Сбросив одеяло, я резко сажусь, на кончике языка уже вертится убедительный аргумент «за». Но это не Джордж. На стуле в изножье кровати сидит Джон и крепко спит. Голову с подложенной под нее рукой он уронил поперек матраса, пальцы сжимаются и разжимаются, теребя одеяло, будто пытаются что-то схватить. Вот этот шорох я и слышала. Рядом с его рукой – раскрытая книга, страницами вниз. Что он тут делает?

Ну конечно же!

Это вовсе не стражник меня нес, а Джон. У меня екает сердце, когда я соображаю, что это у него на руках я свернулась в клубок.

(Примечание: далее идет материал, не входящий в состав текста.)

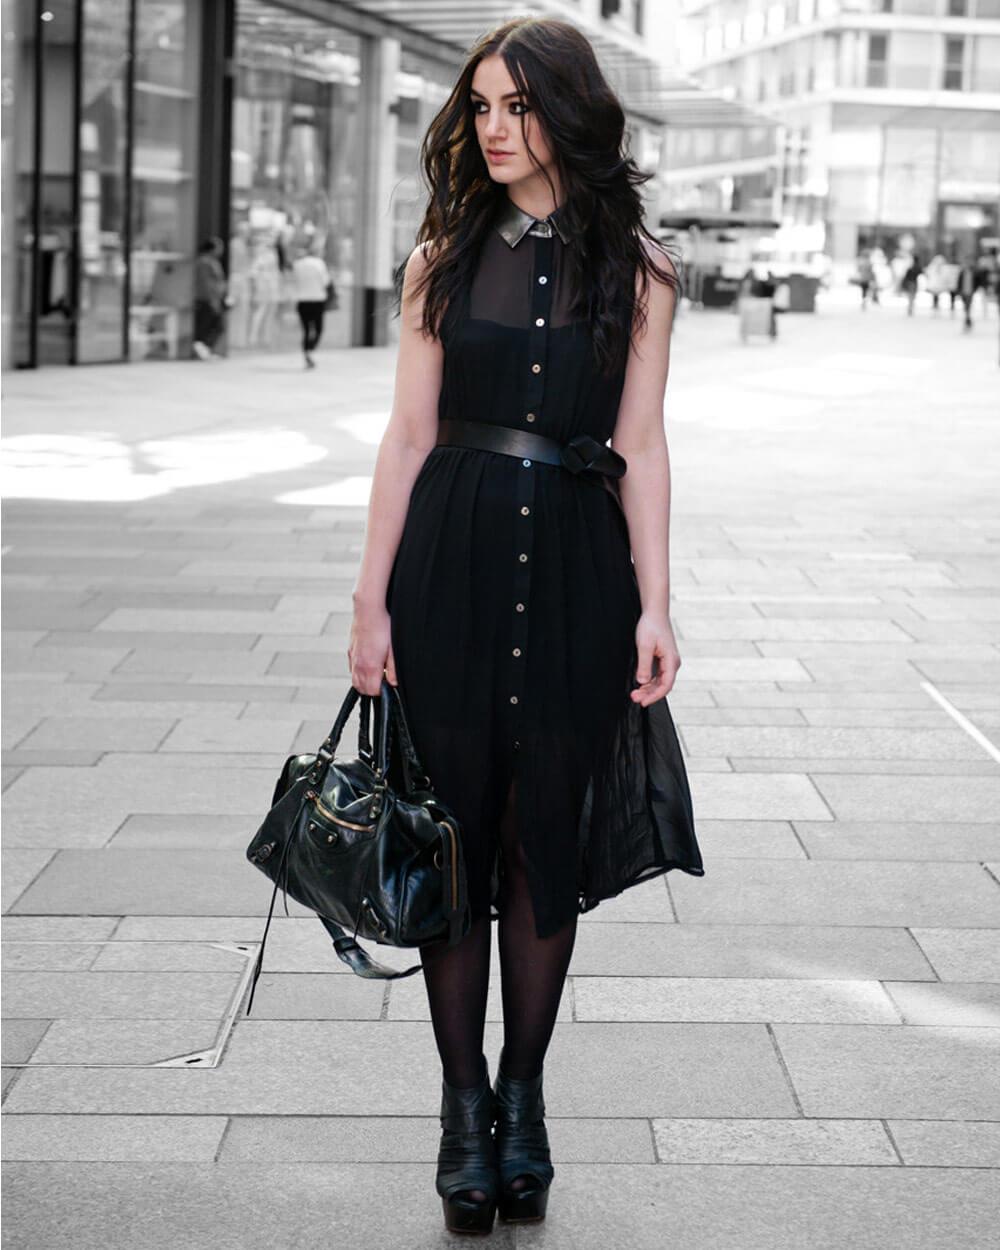 Goth latest fashion trends

Чувствовала запах его рубашки, в его плечо ткнулась головой, а потом заснула. Это он, значит, принес меня сюда и по какой-то причине решил остаться. Зачем? После всех разговоров Николаса об исходящей от меня опасности зачем бы он позволил своему знахарю – или Питер своему сыну – оставаться со мной в одной комнате? Наедине.

Вылезаю из кровати – Джон даже не шевельнулся – и иду к окну, отдергиваю занавеску. Уже почти утро, солнце разбросало поперек горизонта розовые и сливочные мазки. Я думаю, не решил ли Николас отложить вопрос обо мне на сегодня, но это все равно не объясняет присутствие Джона. Или почему он дал мне провести ночь в теплой комнате и уютной постели, вместо того чтобы связать, бросить в погреб и велеть Гастингсу попытать меня как следует. Я бы именно так и поступила.

Разве что Николас им про меня не сказал. Разве что, увидев Калеба и охотников, ищущих меня, изменил свое мнение. Понял, что если он умрет, Блэквелл возьмется за его соратников. И единственный способ это предотвратить – нанять меня для поиска этой чертовой скрижали.

Может быть, моя судьба еще не предрешена?

Отворачиваюсь от окна и направляюсь к двери. Мне не терпится найти Николаса и начать строить планы.

И останавливаюсь.

Даже если я нужна Николасу, чтобы найти скрижаль, слишком уж сговорчивой мне быть не подобает. Мне от него тоже кое-что нужно, и продаваться задешево я не желаю. Ночные события показали, что сбежать от Блэквелла будет труднее, чем я думала. Недостаточно просто уйти в изгнание. Придется постоянно двигаться, опережая его хотя бы на шаг. Ни остановиться, ни отдохнуть не получится – если я хочу жить.

У нас обоих жизнь поставлена на карту, только вот Николас куда охотнее меня готов ею пожертвовать.

Заползаю обратно в кровать, стараясь не разбудить Джона. Он все еще спит здоровым сном, растянувшись поперек матраса. Должно быть, целительство его измотало; не знаю. В любом случае он слишком молодо выглядит для знахаря. Похоже, что ему около девятнадцати, хотя очень уж у него мальчишеский вид. Возможно, это потому, что он всегда такой помятый. Вот как сейчас – белая рубашка вся в складках, слишком сильно расстегнута сверху, рукава закатаны выше локтей. И до сих пор не нашел времени, чтобы побриться. И волосы растрепаны. Совершенно неукрощенные, мягкие темные кудри торчат отовсюду, падают на лоб, лезут в глаза. Уже полгода, похоже, как он постричься забывает.

Калебу тоже всегда приходилось напоминать, чтобы постригся. Не знаю я, почему так выходит, но если поблизости нет девушки, чтобы вовремя напомнить, парни начисто забывают даже простейшие вещи. Например, постричься. Или побриться. Или, черт бы их побрал, переодеться в чистое. Я так понимаю, что у Джона нет никого, кто мог бы напомнить ему об этом.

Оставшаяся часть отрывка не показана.